PackageDNA supports threat intelligence analysis or code auditing, allows you to detect attacks on the software supply chain, and most companies integrate third-party code in their development, so there is a need to have all of these external code analysis like packagedna. Work, and provide analysis results in a standardized manner. Purplesharp 2.0

It can be said that ActiveDirectory is increasingly becoming one of the main battlefields of corporate cyber security, because attackers are using it to improve permissions, in many different systems, and establish persistence throughout the organization.

Purplesharp is a rigger simulation tool for Windows environment with C #, performs different behaviors in the entire attack life cycle, performs different behaviors in accordance with the MitReatt & CK framework: execution, persistence, permission, credential access, lateral movement, etc.

Purplesharp 2.0 implements a new functional upgrade that introduces the ability to perform flexible and customizable automation opponents to the ActiveDirectory environment.
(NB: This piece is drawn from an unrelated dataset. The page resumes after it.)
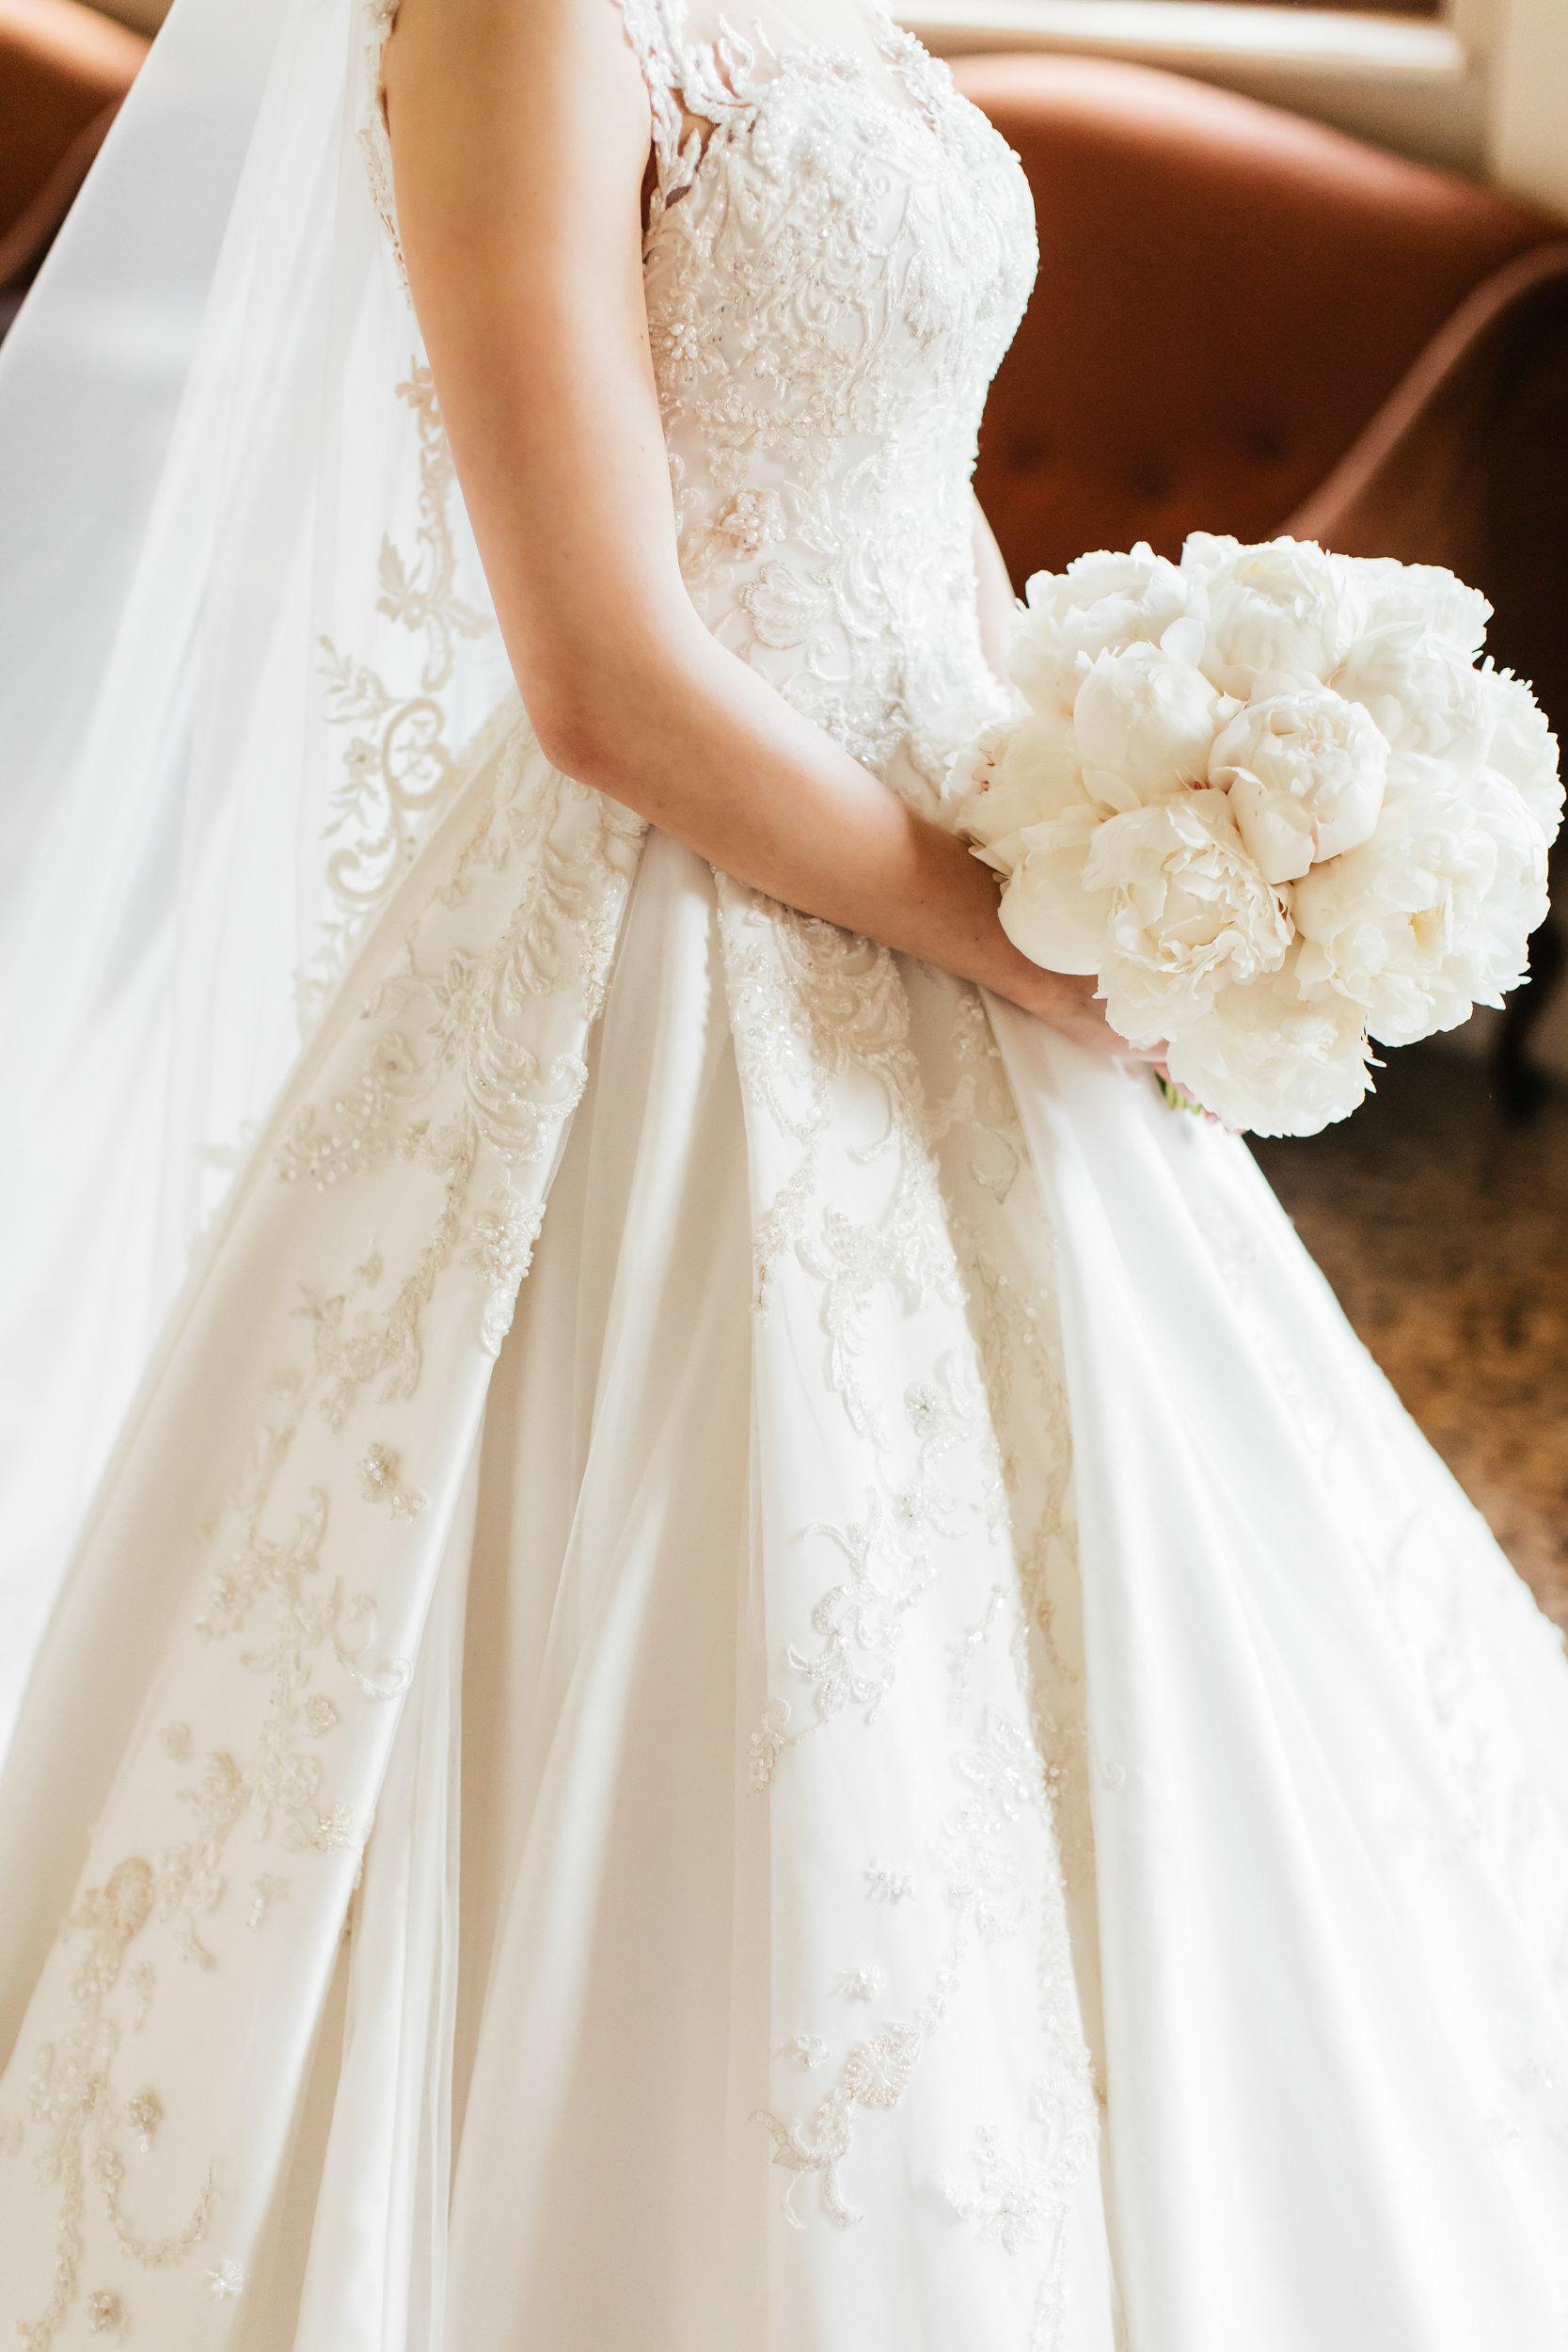 WeddingPhoto-169.jpg

This allows the defender to measure the detection coverage in variants of different scenes and the same technologies.

Git Wild hunt

In the past few years, some of the most serious data leaks are caused by unswerving credentials and confidential information in a cloud-based development environment. Git Wildhuntis is a security tool designed for penetration testers and security experts, which are used to search for dozens of credentials that may make their infrastructure in their GitHub repository.

Git Wildhu can search for more than 30 of the most commonly used key / credentials of the Internet, especially those used during development and IT operations. In addition to helping developers and security operations discovers the credibility of leaks in the public repository, the tool can also be used as a red team personnel and penetration testers’ reconnaissance tools, as it also provides leak metadata, such as user name, company name , Confidential type and date, etc.


Although most of the tools displayed at the Blackhat conference tend to penetrate testing, reverse engineering or event response, but there is no shortage of risk management tools. Simplerisk is such a tool that is a free open source substitute for expensive governance, risk and compliance (GRC) platform for performing organization governance, risk management and compliance activities. Completely based on open source technology and use Mozilla Public License 2.0, Simplerisk instance can be established within a few minutes, and immediately provide security professionals to manage control frameworks, policies, and unusual capabilities, promote audits, and implement risk priorities and mitigation activities . It is highly configurable and includes dynamic reporting and dynamic adjustment of the ability of the risk formula.

This tool is still actively developing and has continuously added new features.

Cloud Sniper

Cloud Sniper is a platform for managing cloud security operations, by accurate analysis and related cloud components to help secure operations team know more clearly about their cloud security.

CloudSniper receives and processes the security source, providing the automatic response mechanism to protect the cloud infrastructure, not only detect the adaptor’s advanced TTP, but also associate compromise indicators (IOC), providing strengthens security discovery for security analysts.

With this platform, you will get a complete, comprehensive security event management system. At the same time, advanced security analysts can integrate CloudSniper with external forensics or event response tools to get new security sources. The tool is currently only available for AWS, and the developer is planning to extend it to other platforms.

This article is translated from:, if reproduced, please Note the original address.